§ **DATA FOR THIS TASK**
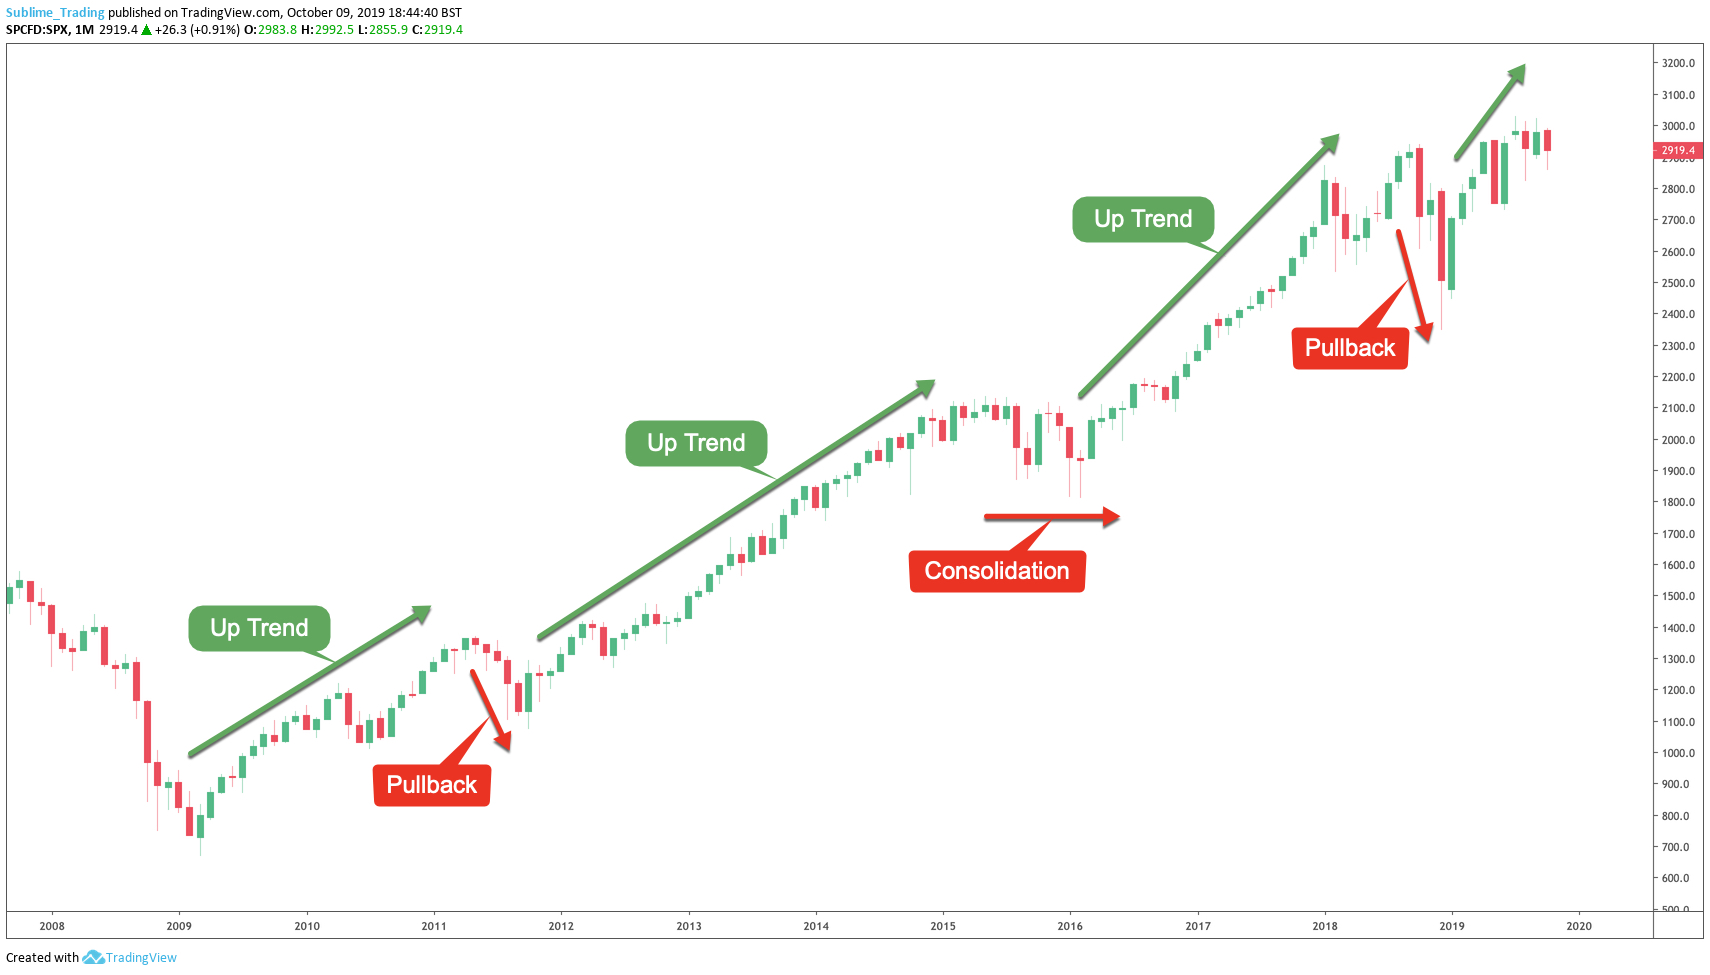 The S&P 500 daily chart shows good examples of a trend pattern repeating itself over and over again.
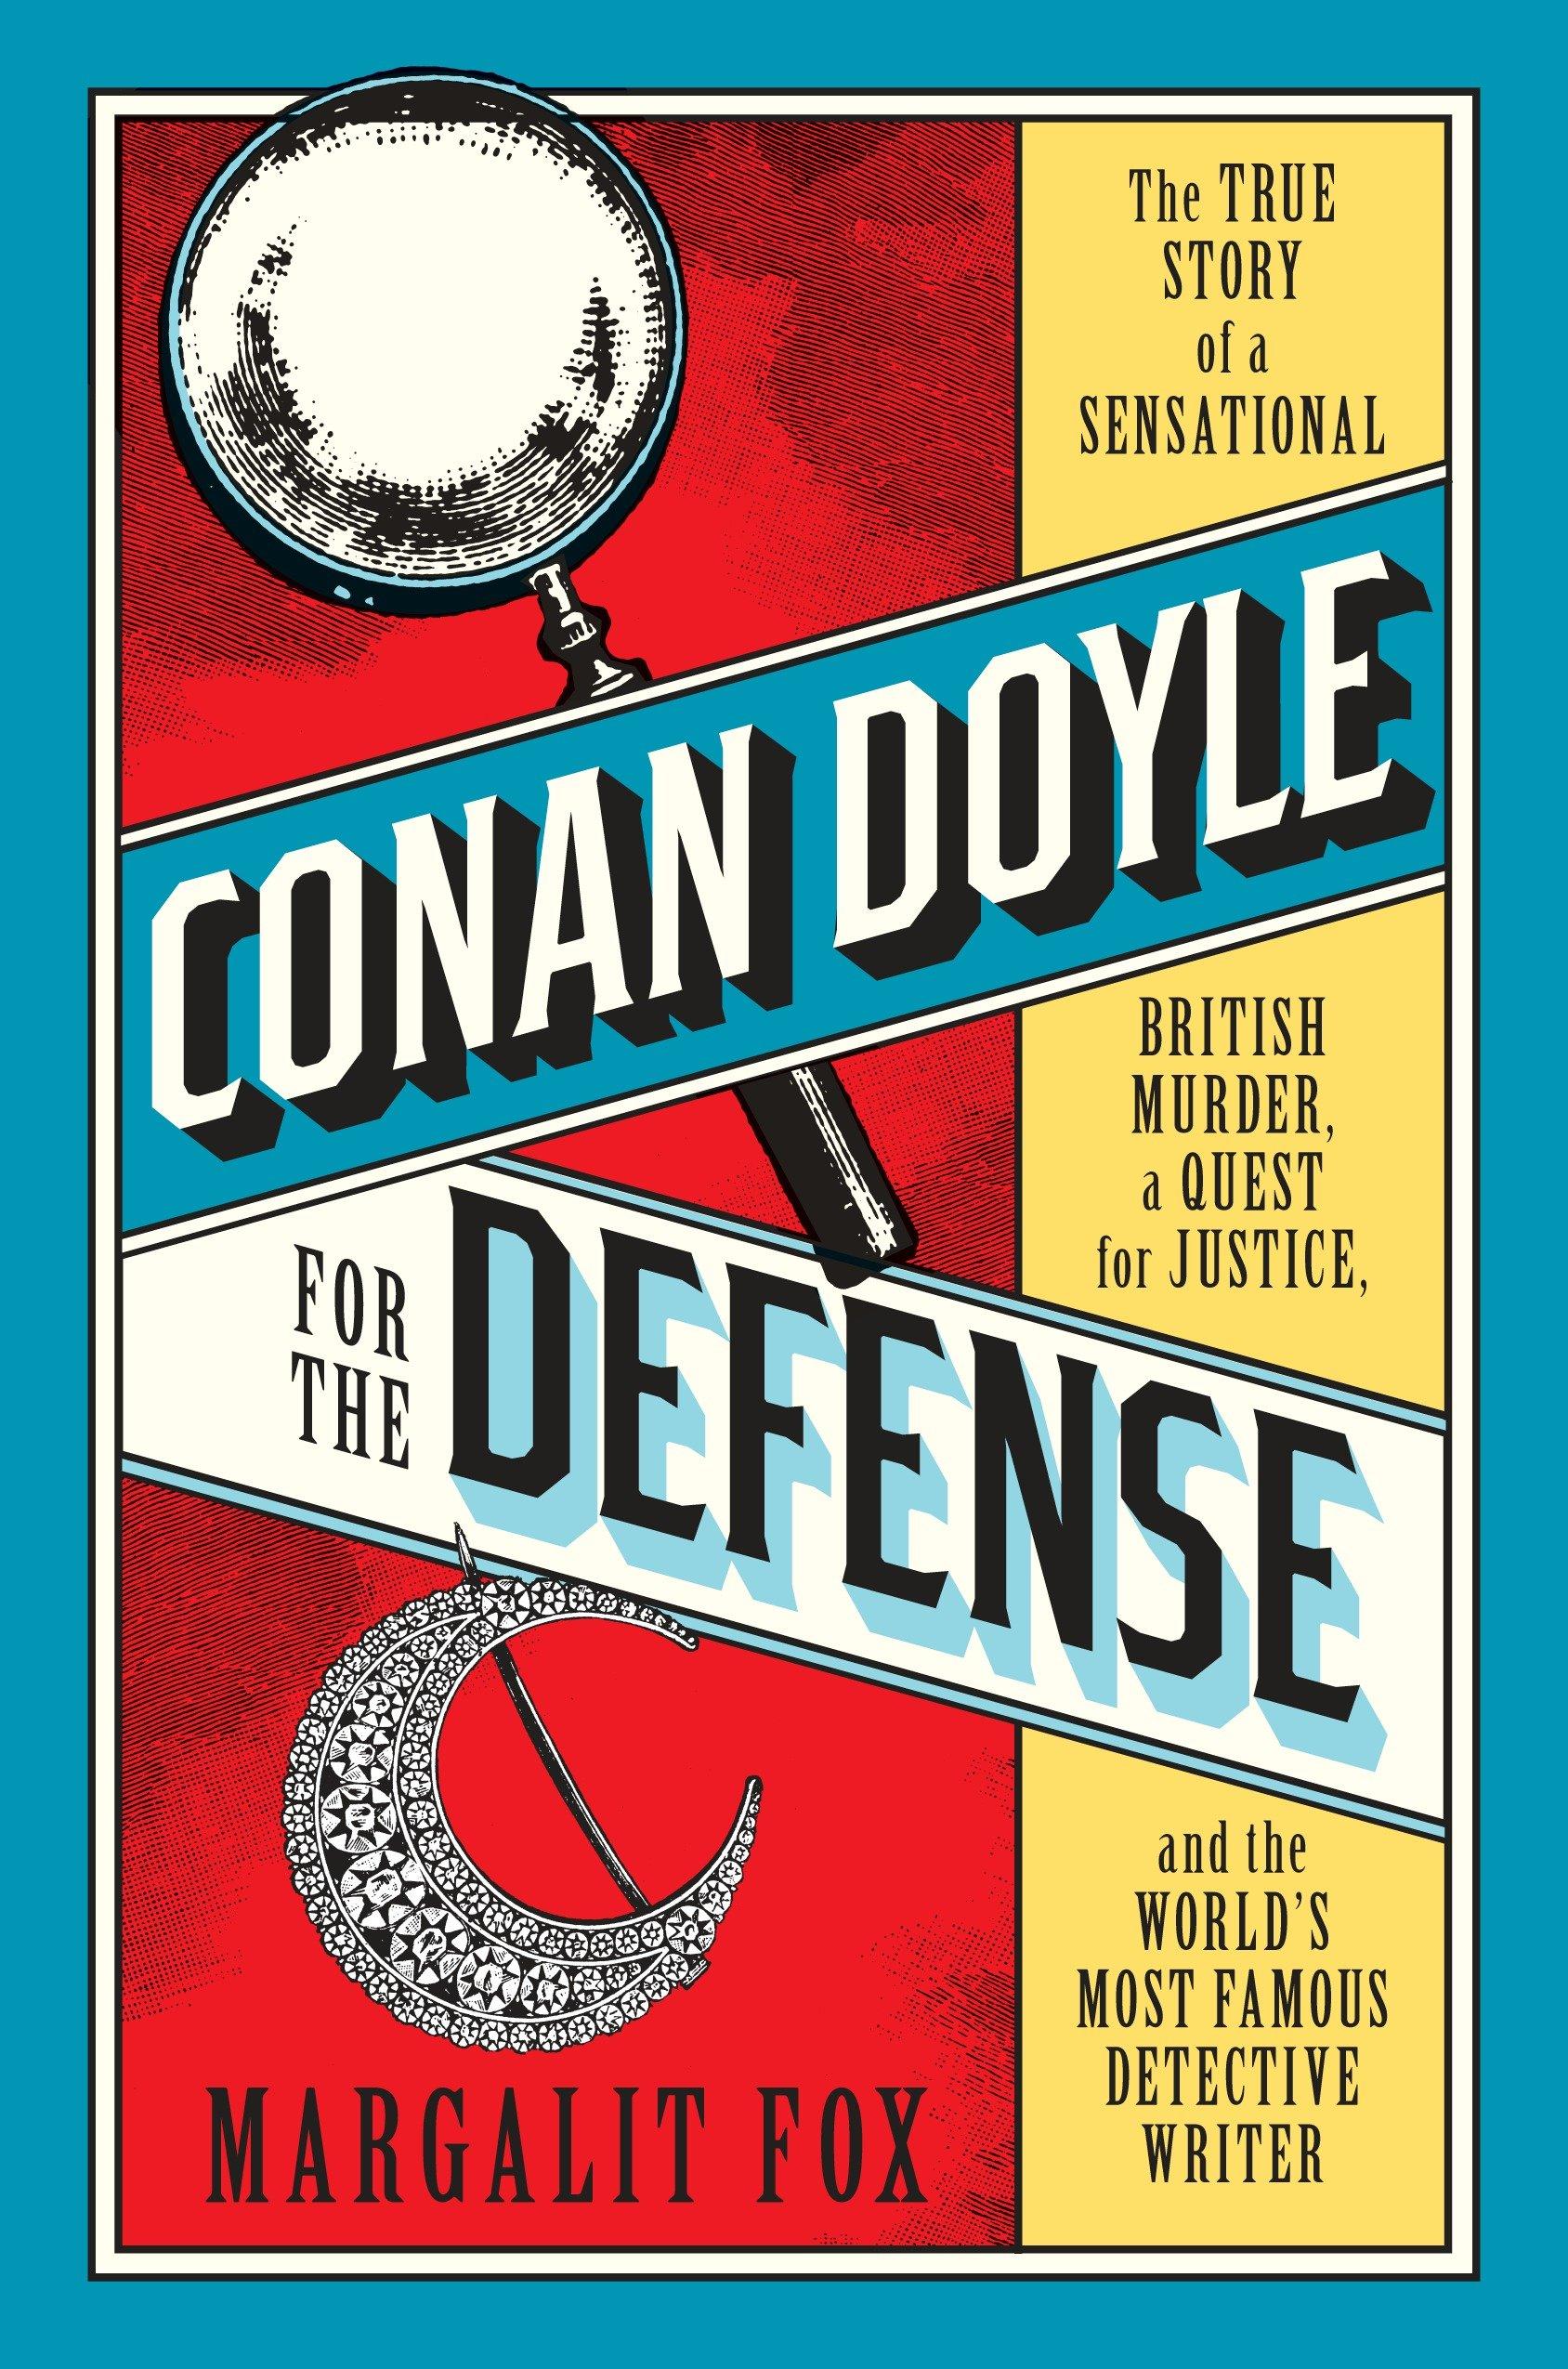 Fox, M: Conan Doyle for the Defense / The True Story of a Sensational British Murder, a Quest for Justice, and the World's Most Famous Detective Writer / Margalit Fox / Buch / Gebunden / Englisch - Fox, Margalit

* * *

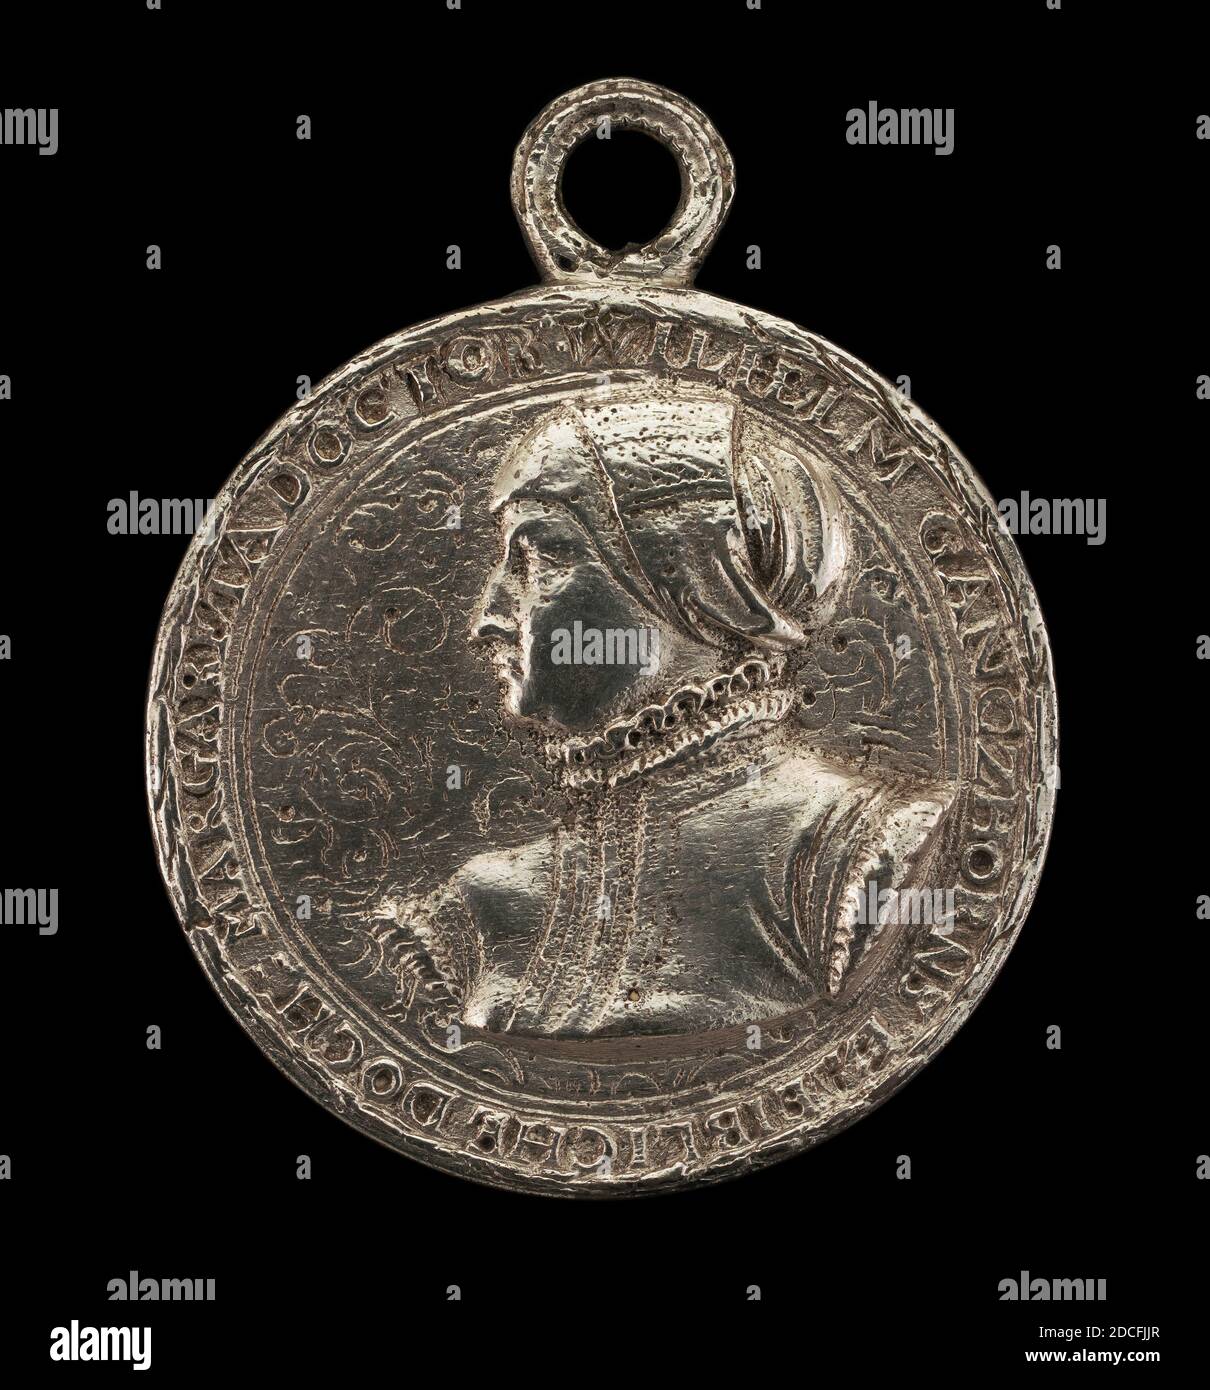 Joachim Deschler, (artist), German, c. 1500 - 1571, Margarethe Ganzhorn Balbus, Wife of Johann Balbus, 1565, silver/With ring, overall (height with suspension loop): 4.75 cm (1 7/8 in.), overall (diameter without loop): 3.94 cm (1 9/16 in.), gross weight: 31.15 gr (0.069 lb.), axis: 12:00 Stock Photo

--

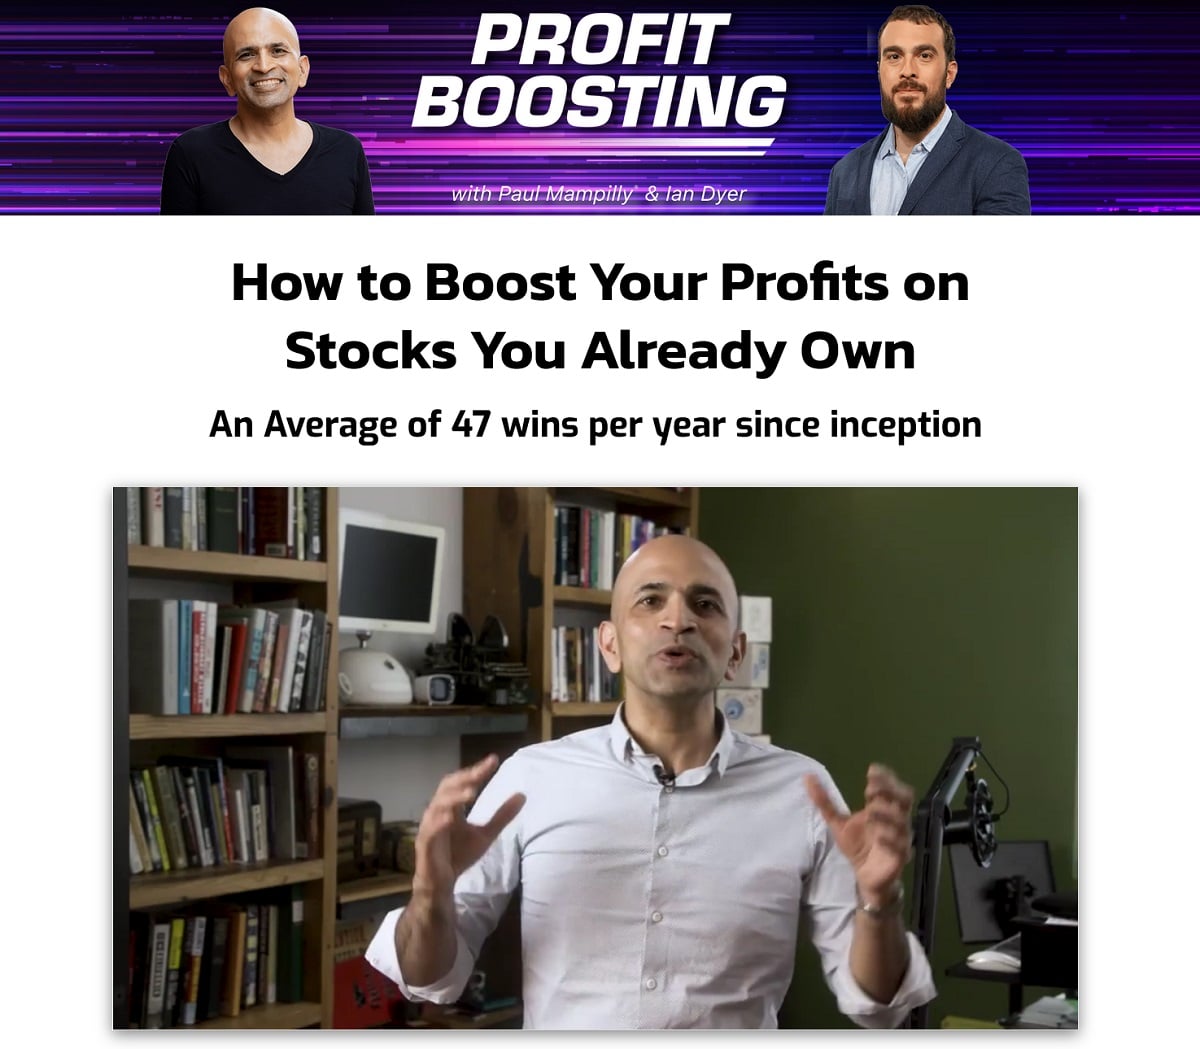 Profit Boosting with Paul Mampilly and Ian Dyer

§ **AIM OF THE TASK**
Nothing but the lines from the one containing "The S&P 500" through the one containing "Fox, M: Conan" should appear, copied exactly from the material above and without pictures.

§ **OUTPUT FOR THIS EXERCISE**
 The S&P 500 daily chart shows good examples of a trend pattern repeating itself over and over again.
 Fox, M: Conan Doyle for the Defense / The True Story of a Sensational British Murder, a Quest for Justice, and the World's Most Famous Detective Writer / Margalit Fox / Buch / Gebunden / Englisch - Fox, Margalit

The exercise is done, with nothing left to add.